The clock is what governs our Western lives most of the year, except holidays which come along like a long awaited gasp of fresh air before we go back down to the hard work of ‘real life’. It is a very adult instrument for running society.  It certainly isn’t something that my children are born with.

My kids are a nightmare at responding to any time-driven agenda, as I’m sure yours are. My eldest, who has my Aussie husband’s laissez-faire attitude to the clock, is the hardest nut to crack when it comes to time-keeping. Her ability to be distracted by a book or by her brother’s silly antics are second to none. It wreaks havoc on our relationship during term time unless I find a creative, positive way to ensure she gets dressed/undressed/down for meals on time.

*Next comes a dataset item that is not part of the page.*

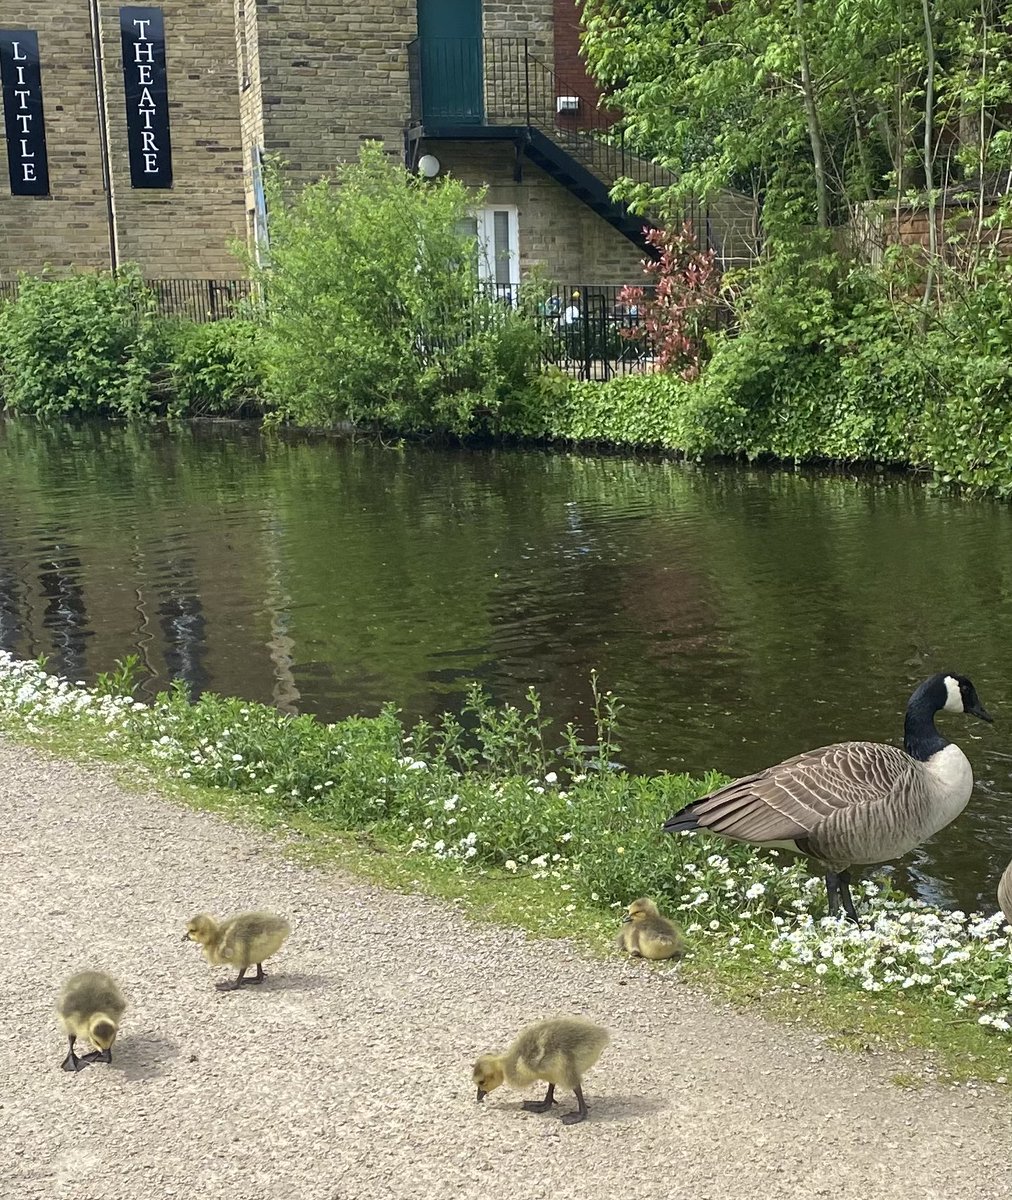 Lunchtime walk on the canal towpath today  🥰
#HebdenBridge

But the reason is because my eight year old creative daughter desperately needs time to day-dream, to just be.  I read recently that researchers at UCLA have confirmed this.  They have found that day dreaming, or ‘reverie’ to give it a formal term, is an essential part of brain development and of creativity.  It’s also essential for problem-solving.

I was fascinated when I read this, as it confirmed my instinct that nagging the kids to be here, do that, hurry up, come along, was against their nature and bad for them – and us.  Apparently, the Sami people in Norway are amongst surprisingly many cultures that let their children be in control of their own time. Rudolph Steiner schools are guided by this philosophy too.

It also articulated why I feel so sad at the beginning of term, despite the fact that I love my free time and space. It is because it has brought to an end what my kids (and I believe all of our kids) so desperately need – no agenda, down time, space to be, muck about, create.

Creative chaos with cardboard

The fruit of ‘Kairos’ time can be seen in this photo. In case you were wondering if I’ve uploaded a picture of junk on our garden table by mistake, I was in my right mind.  It is as close a visual representation of what happened this holiday when my daughter was given the gift of kairos time.

Here’s how it goes: husband’s new BBQ arrives along with half a tonne of cardboard; daughter decides to make a ferris wheel for her Sylvanian family (never one to attempt anything simple!).  Our five year old son, on the other hand, decides to turn it into a giant track for his cars in the garden (sadly I didn’t take a photo of it, but it was immense).

We’ve had over 6 weeks of kairos time where the clock has been put in a metaphorical cupboard and told not to show its face unless absolutely necessary (like getting up at 6.30am to get to the Paralympics Athletics last Sunday – ouch!). So it’s no wonder that it’s hard to go back to being governed by grown-up, linear Mr Clock and the tyranny of the urgent.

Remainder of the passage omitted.